SUMMARY OF THE INVENTION
In a preferred embodiment of the system of the present invention,
the system preferably comprises a firearm that includes a biometric
authorization system, a plurality of training computers, and a
server. The server and the training computer interact to train the
biometric authorization system in the firearm to accurately and
reliably discriminate between the authorized user and unauthorized
users. The server utilizes a training algorithm that takes into
account biometric information of not only the authorized user of
firearm, but also those of a large number of unauthorized users.

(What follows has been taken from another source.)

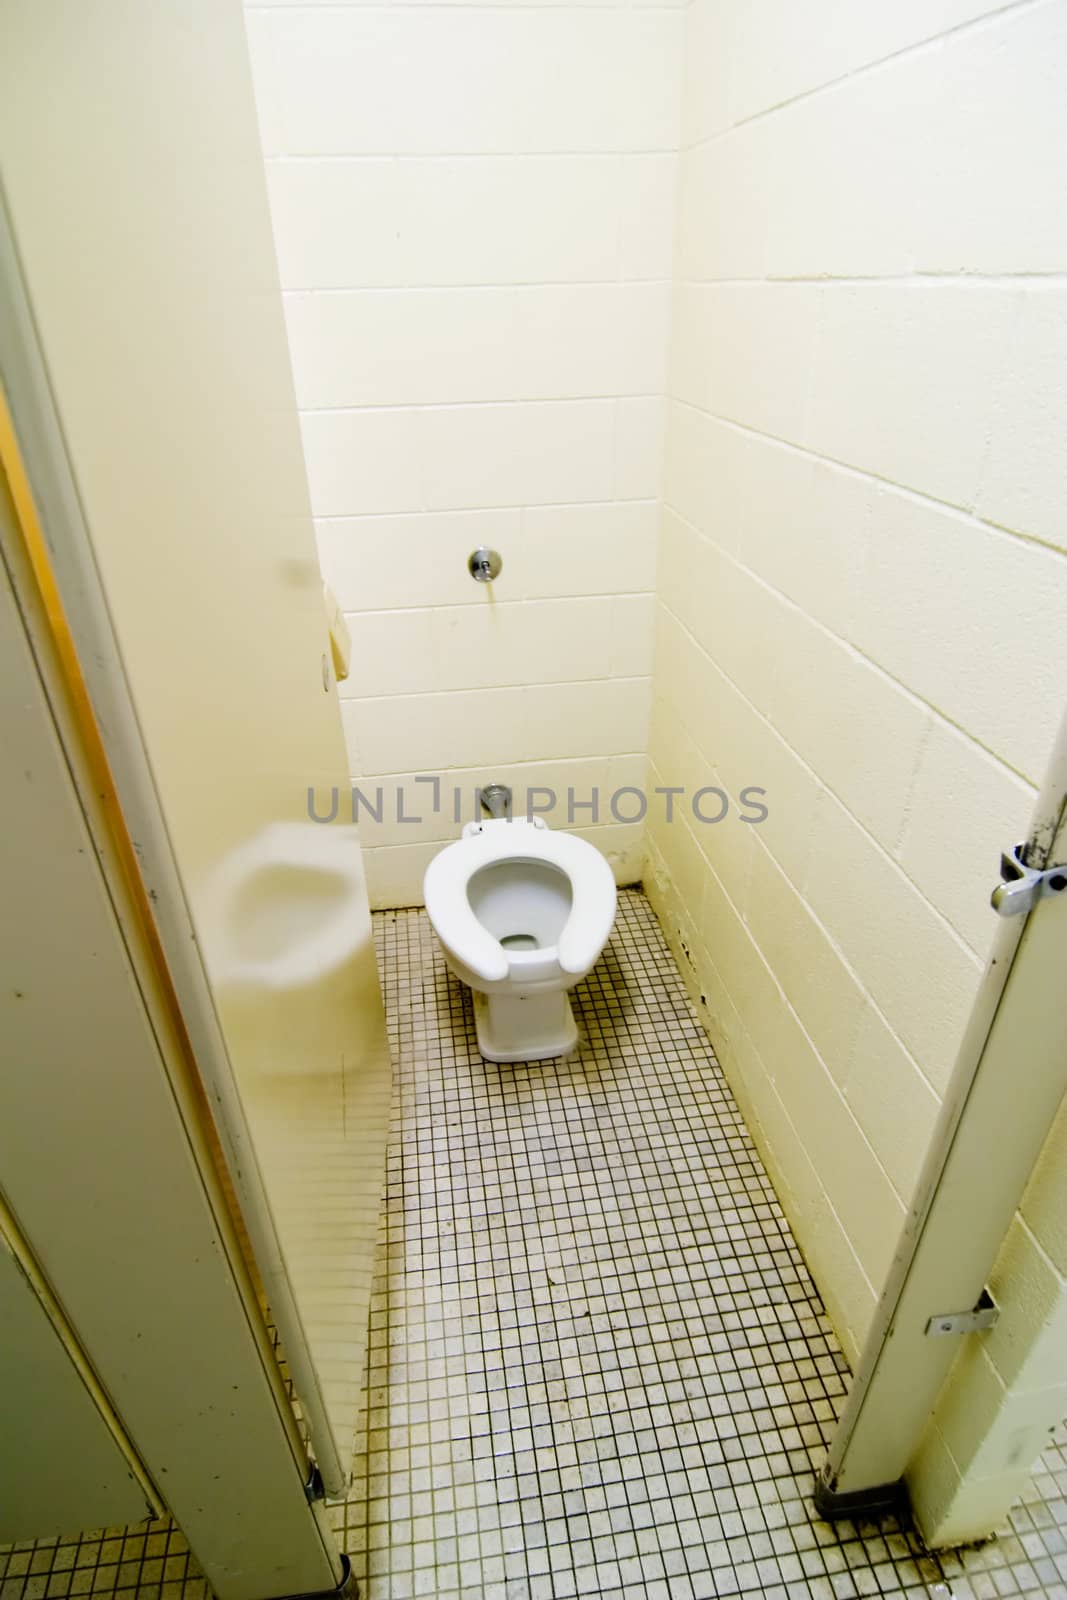 Toilet in a public washroom.

Such biometric information is utilized to compute one or more
discriminants and thresholds for such discriminant(s), which are
then transmitted to the biometric authorization system in the
firearm. If the user is allowed to operate the firearm a
predetermined percentage of the time, the discriminant thresholds
are fixed. If not, the server adjusts the thresholds, and the
process is repeated. In another aspect of the present invention,
the system may be utilized to uniquely register the firearm with
the authorized user. Similar training algorithms are also disclosed
for training biometric authorization systems in devices other than
firearms.
BRIEF DESCRIPTION OF THE DRAWINGS
FIG. 1 is a schematic diagram illustrating a firearm having a
biometric authorization system and a training computer according to
one embodiment of the present invention;
FIG. 2 is a schematic diagram illustrating an overview of the
system where a plurality of training computers may access a server
over a communications network;
FIG. 3 is a schematic diagram illustrating a server configured in
accordance with a preferred embodiment of the present
invention;
FIG. 4 is a flowchart that illustrates a method of training a
biometric authorization system in a firearm to accurately
discriminate between an authorized user and unauthorized users;
and
FIGS. 5 and 6 are diagrams showing illustrative discriminant
thresholds that may be computed according to the present invention;
and
FIG. 7 is a flowchart that illustrates a method of uniquely
registering a firearm with an authorized user.
DESCRIPTION OF THE PREFERRED EMBODIMENTS
With reference to FIG. 1, the system of the present invention
preferably comprises a firearm 100 containing a biometric
authorization system 105 and at least one training computer 125
that may be connected to the firearm 100 to allow for data
transmission between the firearm and the training computer.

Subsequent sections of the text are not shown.